> [Work item] Retype exactly the span of lines below from the one with "Unique Bargains Mesh" through the one with "Aluminum Sport Yacht". Do not include pictures.

> [Exercise materials]
□ □ □ □ □ □ □

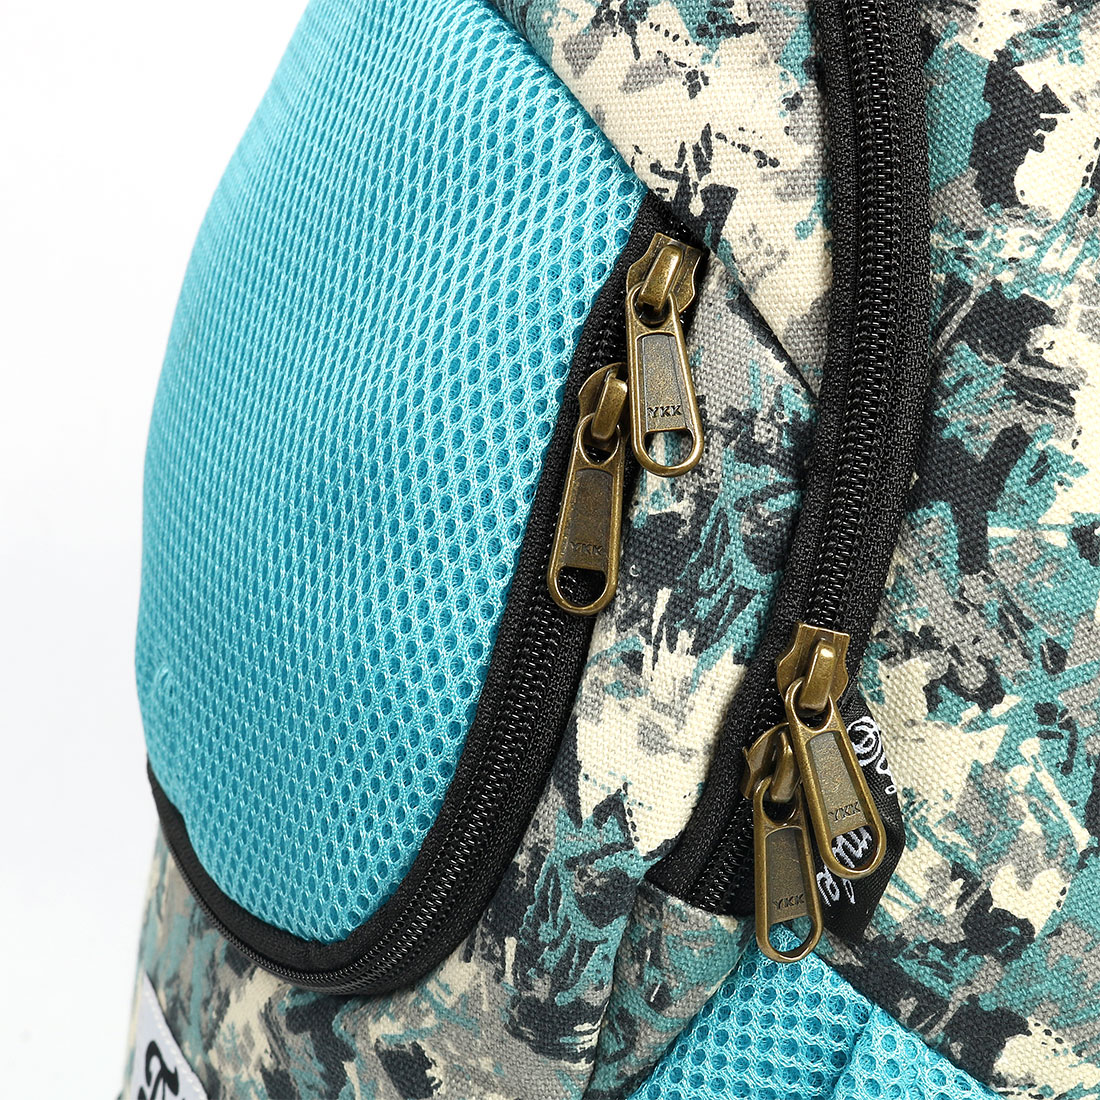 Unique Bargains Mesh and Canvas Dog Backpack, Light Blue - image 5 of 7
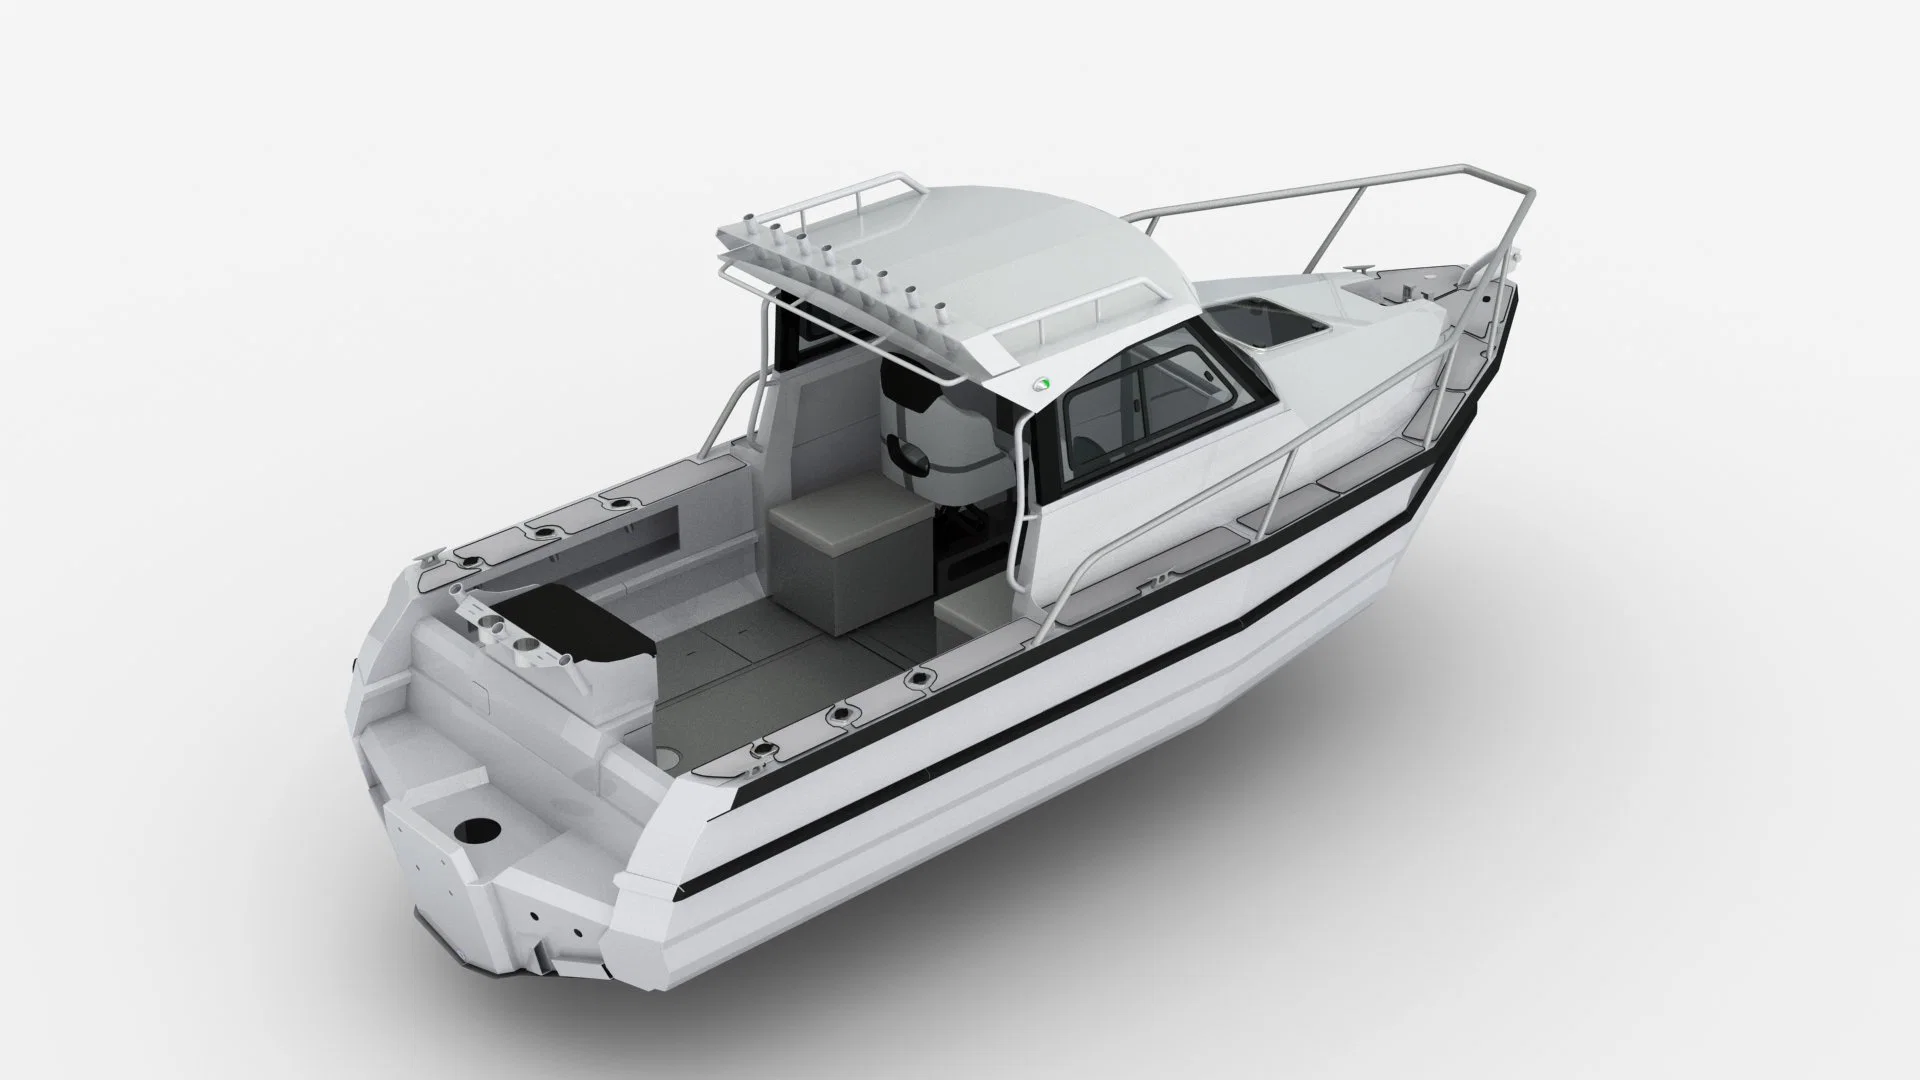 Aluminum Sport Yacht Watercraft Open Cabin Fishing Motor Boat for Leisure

□ □ □ □ □ □ □

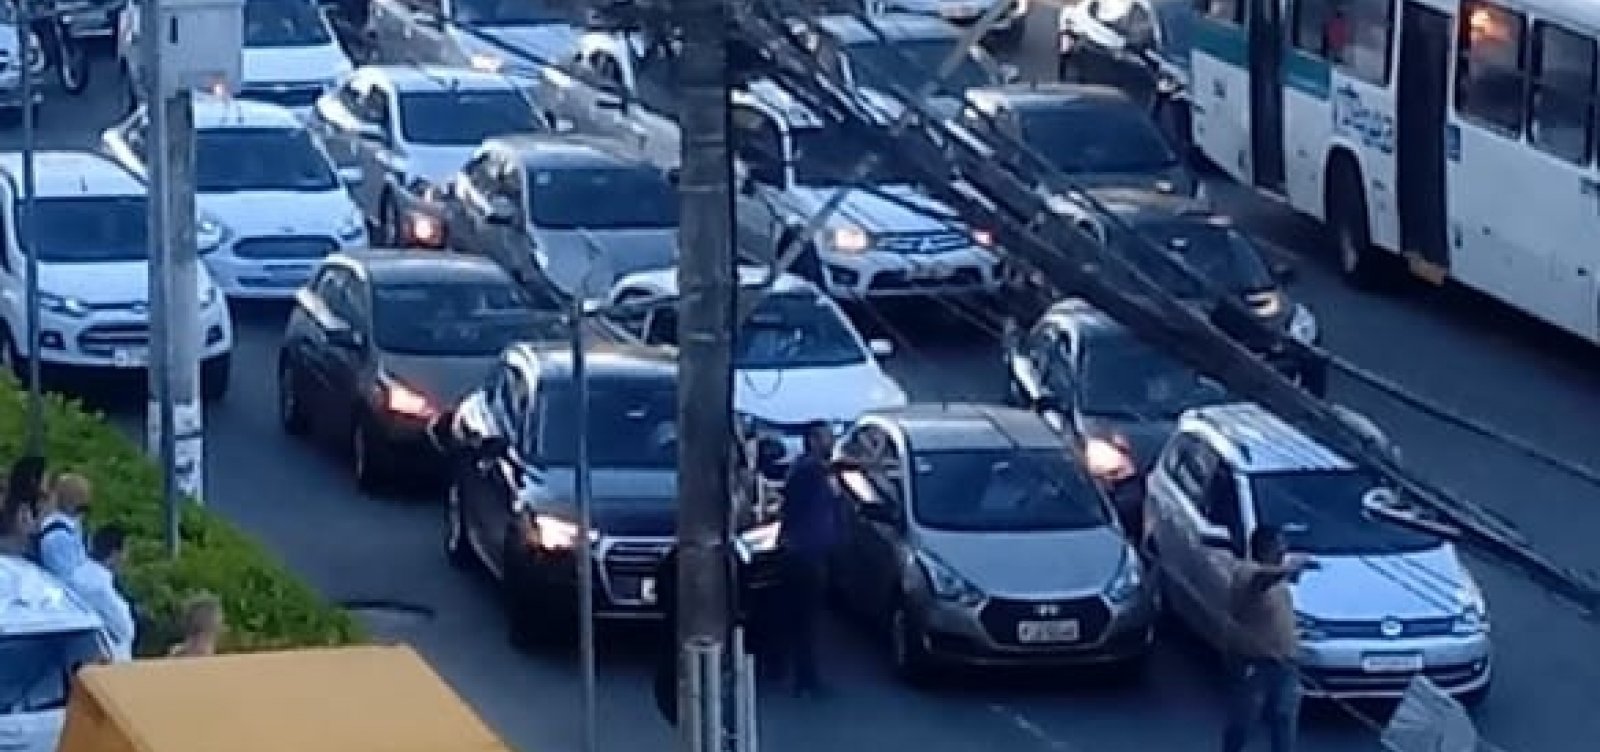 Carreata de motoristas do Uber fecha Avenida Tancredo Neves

□ □ □ □ □ □ □

> [Response area]
 Unique Bargains Mesh and Canvas Dog Backpack, Light Blue - image 5 of 7
 Aluminum Sport Yacht Watercraft Open Cabin Fishing Motor Boat for Leisure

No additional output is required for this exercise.